How to strengthen the bond between parents and children, in 6 key points
The simple fact of having offspring does not bring about love between these two generations.
Although we often forget it, love goes far beyond couple relationships. The affective bond that unites fathers and mothers with their sons and daughters is usually one of the strongest that exists. Fathers and mothers can make sacrifices for the well-being of their young (or not so young) children.
However, the simple fact of having offspring and forming a new family does not guarantee that the emotional relationships between the two generations of the family will always be strong, or that they will be stable and of good quality. Problems between parents and children are more frequent than we imagine.It is important to keep in mind that this is due to poor relationship management: something that can be avoided.
Here are some guidelines on how to make the parent-child relationship healthy and, if they exist, old resentments and grudges and that, if they exist, old grudges and resentments are left in the past. No conflict has to last forever.
How to strengthen the relationship between parents and children
In the relations of affection that are established between fathers, mothers and children a small change of attitude can do that angers and conflicts that seemed enquistados begin to disappear to a surprising speed.
Even if what there is is not resentment but indifference, it is perfectly possible to reconnect with the child.it is perfectly possible to reconnect with younger children by inviting them to engage in meaningful conversations and expressions of affection. Let's see how.
1. Go for physical contact
Although we often forget it, a good part of the relationships are established through physical contact: kisses, hugs, caresses... That is why it is good to promote them in parent-child relationships, as long as they are unplanned and arise spontaneously.. This advice consists not so much in "implanting" hugs, but in not repressing them.
2. Avoid interrogations
One of the techniques used by parents to try to establish communication with their children is to pose a succession of questions, which are usually answered tersely or with monosyllables by the youngsters, until they get tired and react angrily. This is a tactic to be avoided, as it is usually not effective in is often ineffective in creating a flowing dialogue..
Instead, it is much better to go for meaningful dialogue. If it is difficult to capture the attention of the son or daughter, it is better to assume that and not force them from the beginning to have to think about what they are going to say in response to the questions (this usually overwhelms those who are not willing to be very involved in an interaction).
How to do this? By speaking honestly about a topic that the young person may be interested in discussing. To do this, it is good to remember that form is more important than content (you can do a monologue on almost any topic, for example).
In this case, what makes what is said interesting is the fact of expressing from the beginning that it is an honest, personal and intimate reflection on what is being talked about. Printing this layer of intimacy in the message will easily awaken empathy in the person who, after all, is our son or daughter.
3. Manage schedules
Often, the weakening of the bond between parents and children is caused by a bad schedule. All relationships depend on practice, not theory, and if you don't share time together, being the "parent of" and the "child of" counts for more.If you don't share time together, the fact of being "parent of" and "child of" counts for very little. It is necessary to make the schedule have a sufficient amount of time to make family life.
4. Take an interest in their world
Many parents assume that it is impossible to understand anything that belongs to their children's generation. This, besides being a mistake in terms of family relationships, is totally false and is not supported by any side. Why would an adult be incapable of informing himself and understanding minimally what are the interests and references of his children? interests and referents of their children? What there are, many times, are simple excuses for not having to face this task.

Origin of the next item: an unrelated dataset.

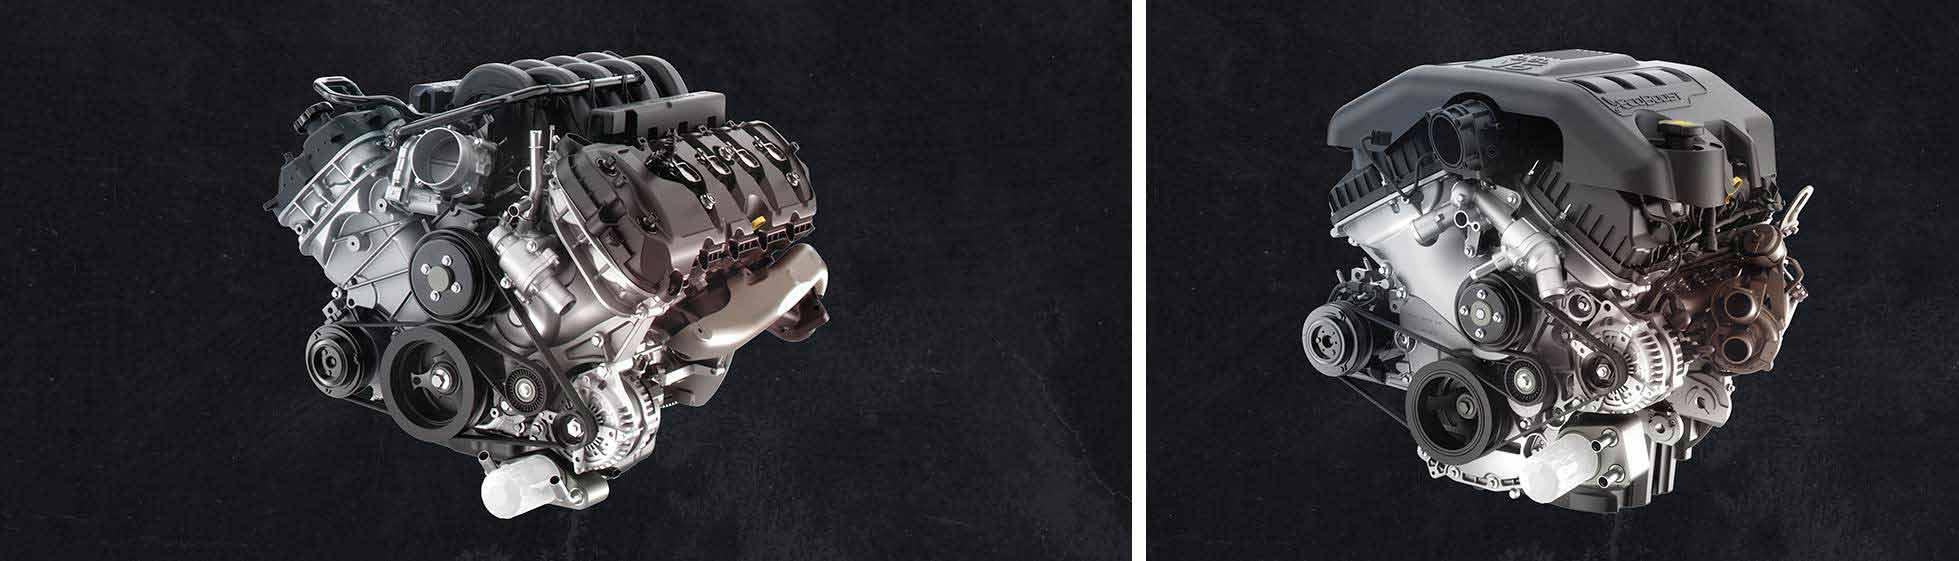 2018 F-150 Engines

If our daughter is interested in mountaineering, for example, we don't necessarily have to be, but we should understand what aspects of this activity make it stimulating, and in what way. In this way it is much easier to understand their world and their priorities and, of course, to empathize with them..
So, the next time you talk about something that interests you, adopt active listening and plan to really learn.
5. Keep the Smartphone away
Smartphones and tablets are very useful devices in many ways, but in face-to-face relationships they are distractors that wreak havoc on the quality of interaction. That's why any parent who wants to share quality time with his or her children should specifically see to it that these elements stay away when it's time to talk and share pleasant moments together. and sharing pleasant moments together.
6. Show willingness
If you want to make the bond with your son or daughter grow stronger, show it by taking the first steps, even if sometimes your pride or stubbornness will push you back. Yes, it can go wrong, and yes, this gesture of rapprochement may not be reciprocated.But it is important to be clear that this step is indispensable and that, at the end of the day, nothing relevant is at stake in case of rejection.